**What this task involves**
Give again, word for word, the lines below that run from the line with "Pose joint epoxy" through the line with "Re:[原创]080214-CTU-02 AIRBUS A319-100". Drop the pictures.

**Working data**
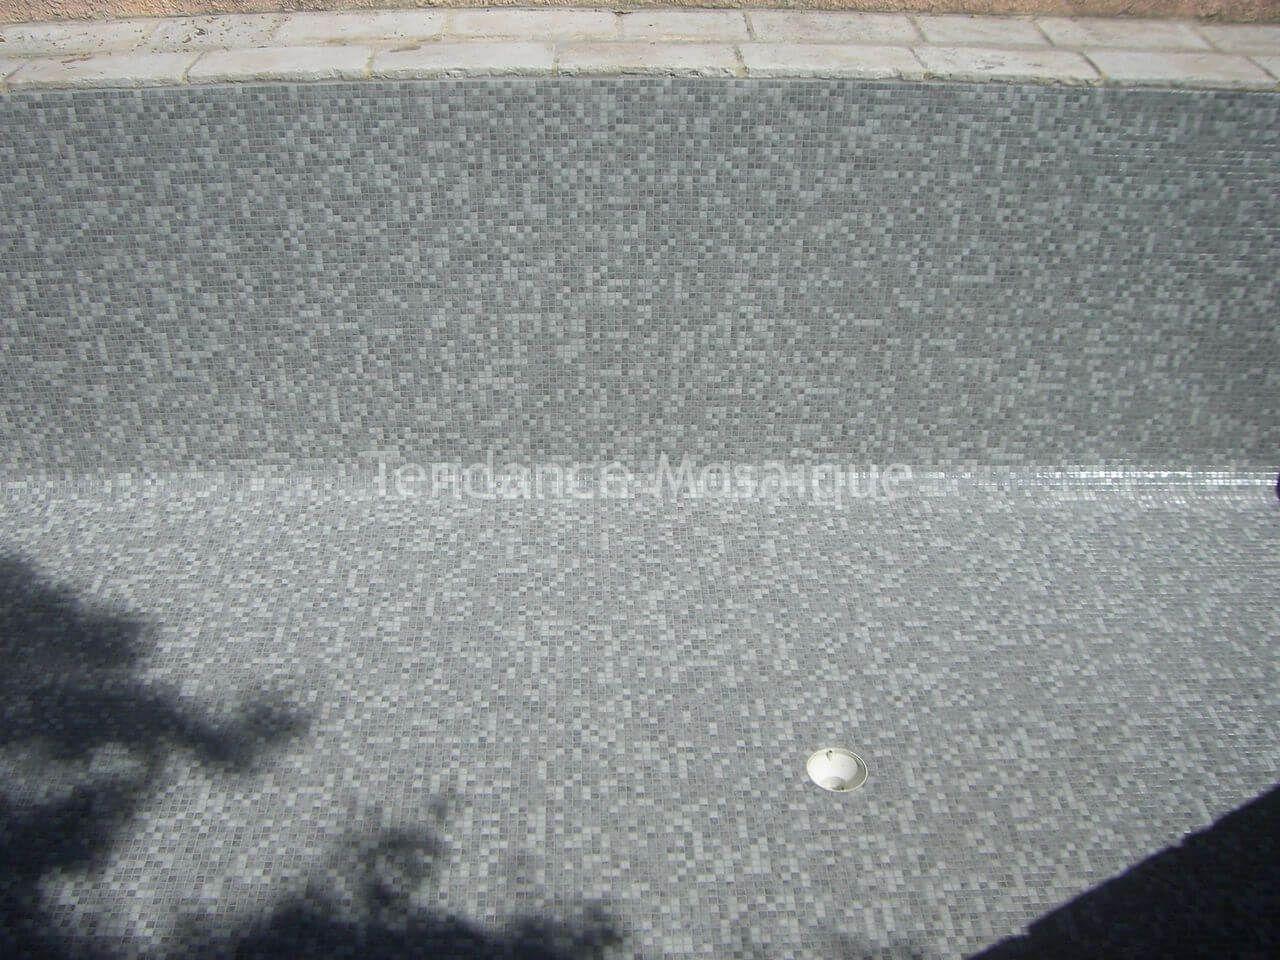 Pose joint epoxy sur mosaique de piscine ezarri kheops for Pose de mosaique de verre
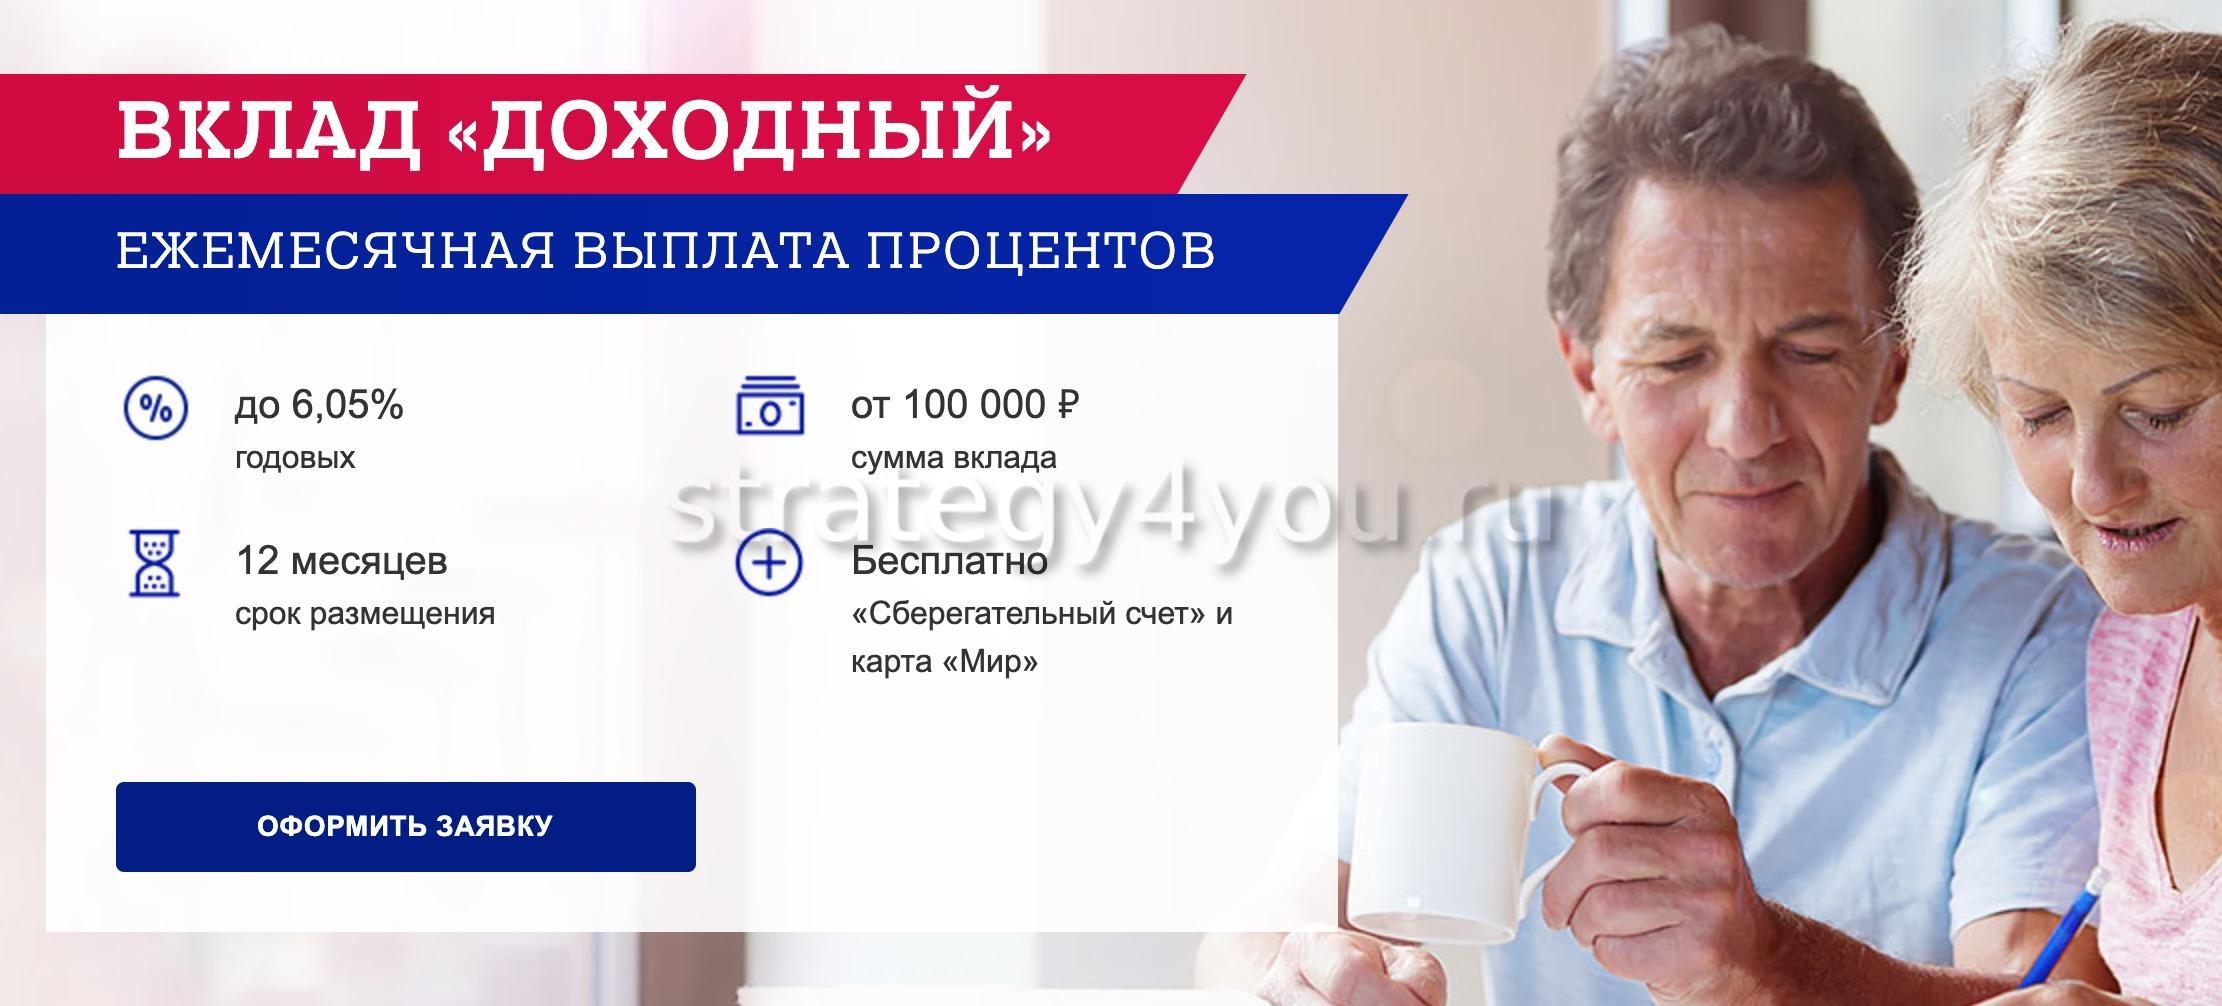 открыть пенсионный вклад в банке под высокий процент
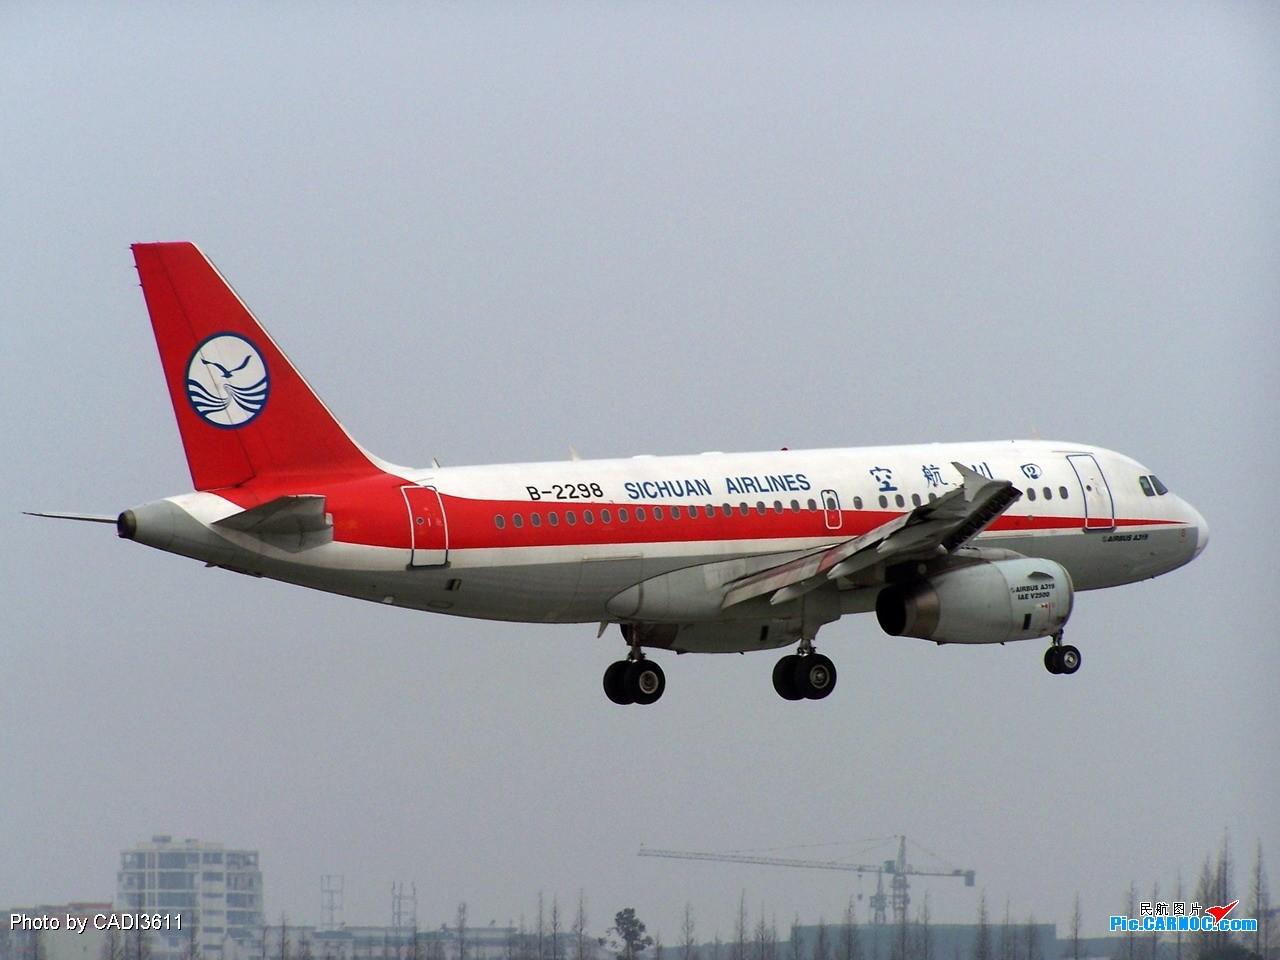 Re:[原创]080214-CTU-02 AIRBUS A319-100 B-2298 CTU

* * *

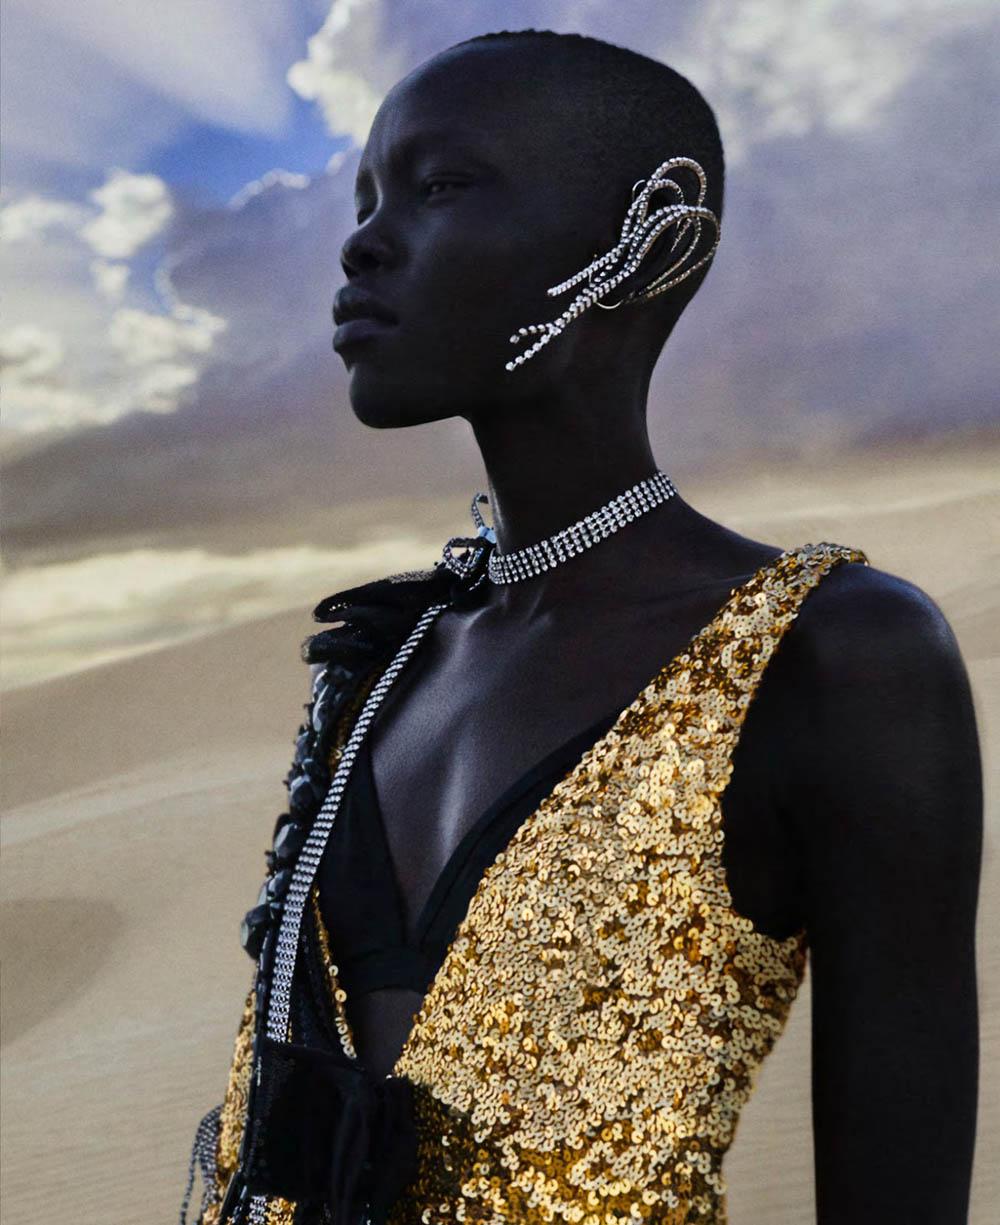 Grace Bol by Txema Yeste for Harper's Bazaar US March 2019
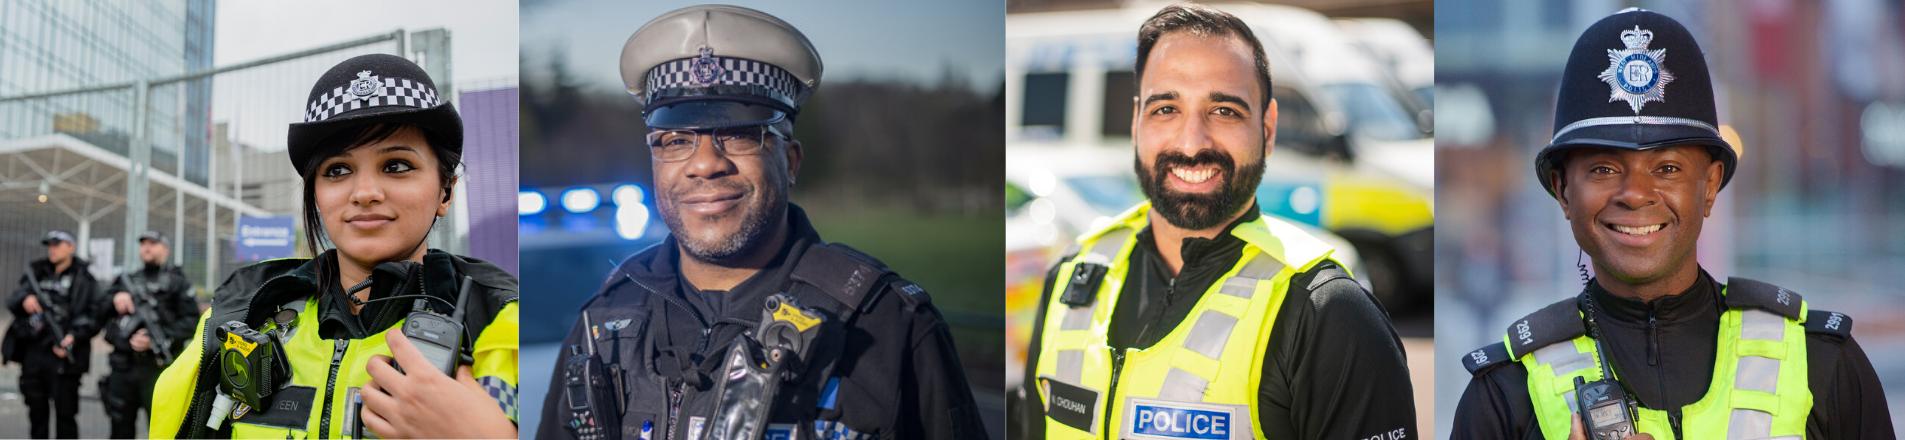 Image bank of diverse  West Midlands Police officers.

**Output of the task**
 Pose joint epoxy sur mosaique de piscine ezarri kheops for Pose de mosaique de verre
 открыть пенсионный вклад в банке под высокий процент
 Re:[原创]080214-CTU-02 AIRBUS A319-100 B-2298 CTU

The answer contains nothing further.